Lei è libera, ma lo schiavismo non è finito. Però «nel 1843 una rivelazione cambia il corso della sua esistenza. Dio la chiama a liberare il suo popolo dalla schiavitù. (…) Una voce divina incita Sojourner a predicare senza sosta e lei lo farà». Una ex schiava diventa così la prima e la più famosa abolizionista.
«È la prima donna nera a parlare pubblicamente contro la schiavitù negli Stati Uniti (…). Nel 1851 Sojourner è delegata alla prima Convenzione nazionale sui diritti delle donne ad Akron, in Ohio. Quando sente un uomo in sala protestare contro il discorso di una donna sull’uguaglianza tra i sessi, Sojourner si alza, sale sul palco e pronuncia un breve discorso passato alla storia con il titolo di Ain’t I a Woman? (non sono forse una donna?)».
I passi salienti di quel discorso potete leggerli nello splendido Le mie stelle nere (Add editore, 2013) di Lilian Thuram, un tempo famoso calciatore e ora più impegnato che mai contro il razzismo con una sua fondazione.
Ma la storia di Sojourner – sconosciuta fuori dagli Stati Uniti e persino lì nota a pochi – negli ultimi anni è stata rilanciata dalla “first lady”, cioè la moglie di Obama, e soprattutto da una sonda spaziale.

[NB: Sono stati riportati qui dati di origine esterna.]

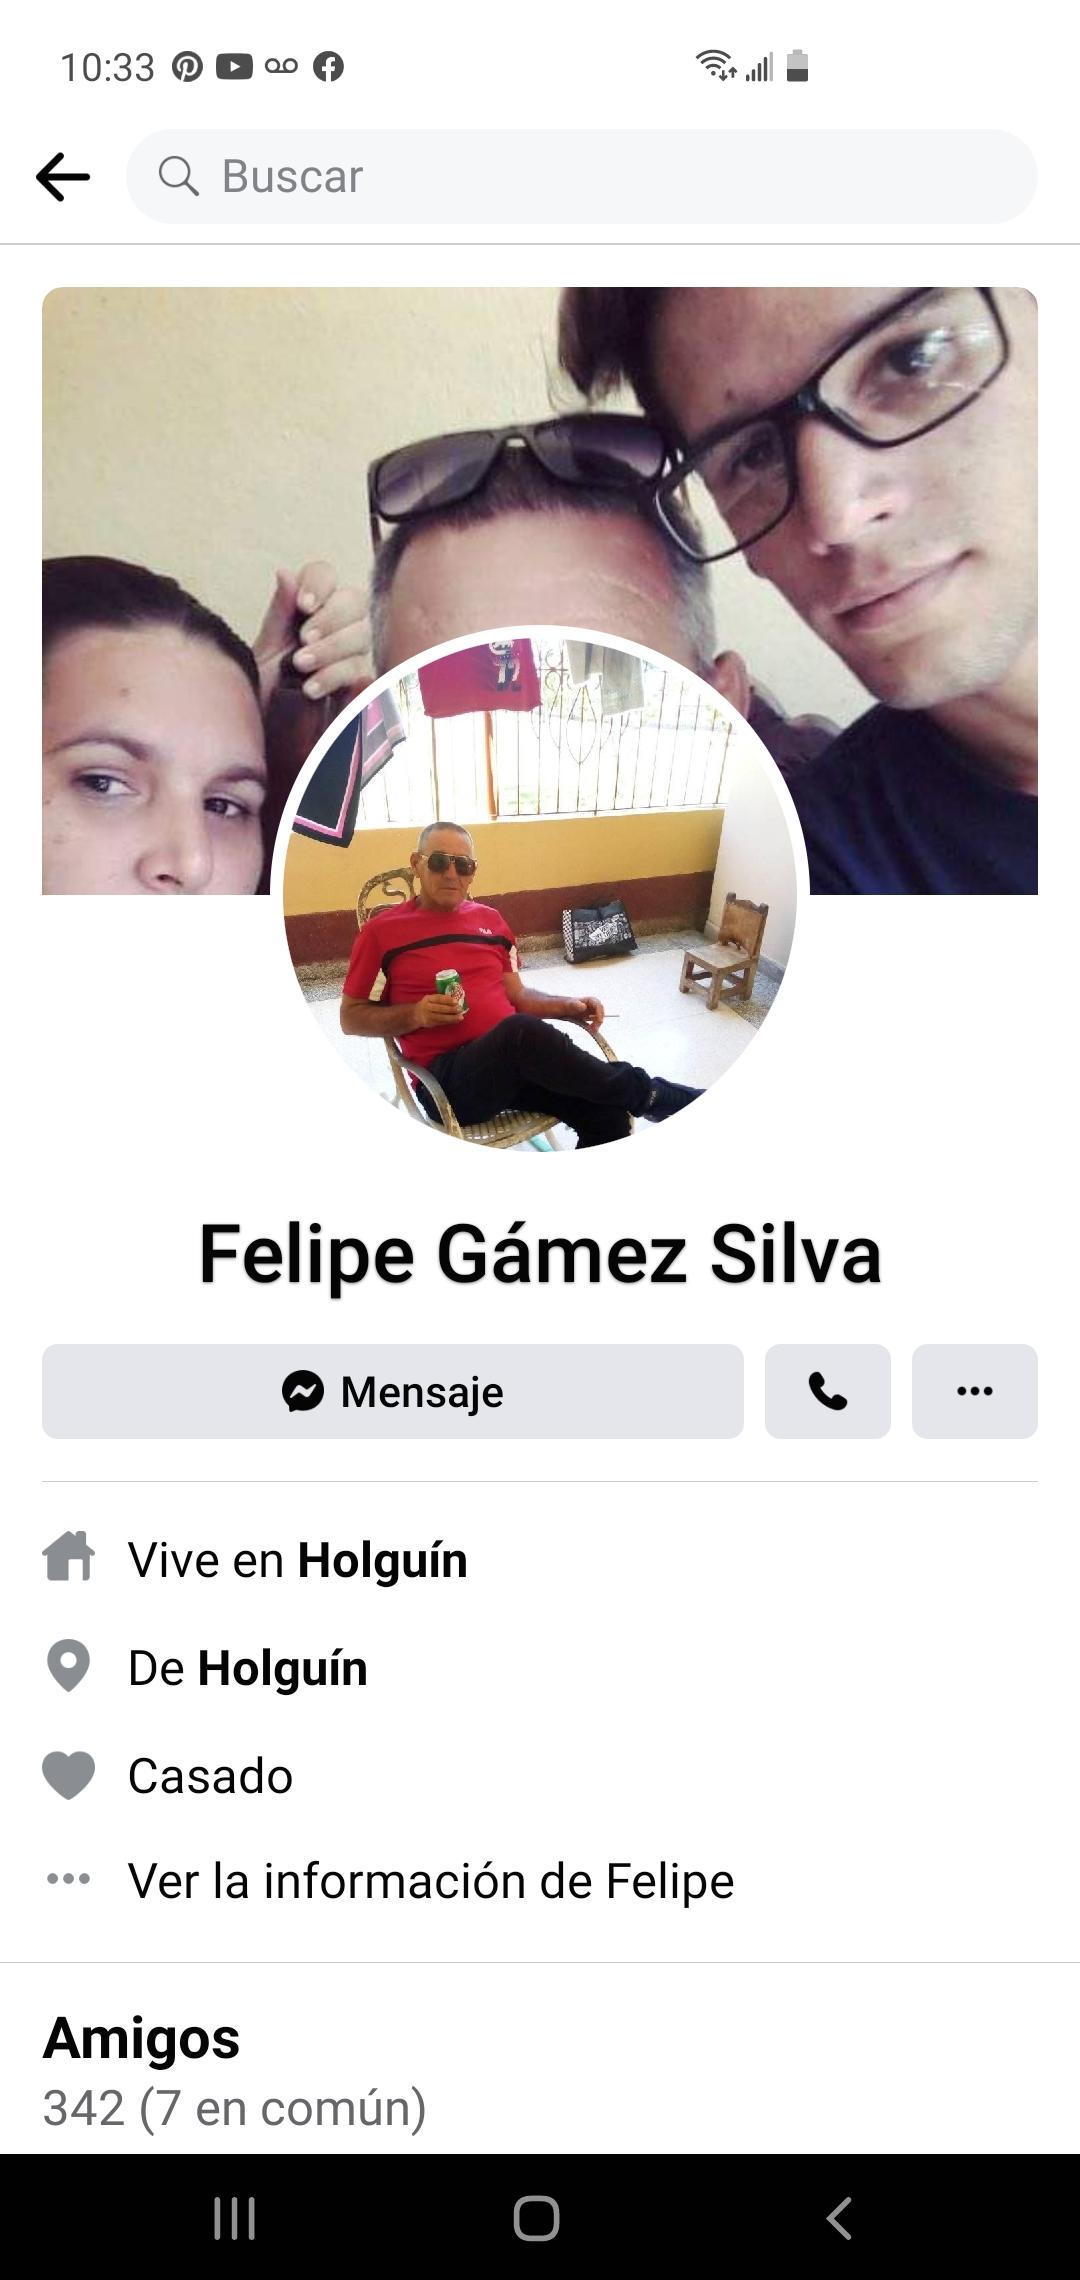 Felipe Gamez silva

Infatti, nell’aprile 2009 Michelle Obama svelando il busto di Sojourner Truth ha dichiarato: «Spero che lei sarà fiera di me». Ma gli appassionati della conquista spaziale quel nome lo conoscono bene: corrisponde a una delle sonde lanciate dal maliano Cheick Modibo Diarra – fisico, matematico e ingegnere – che ha lavorato con la Nasa. Stelle nere appunto che volano alto.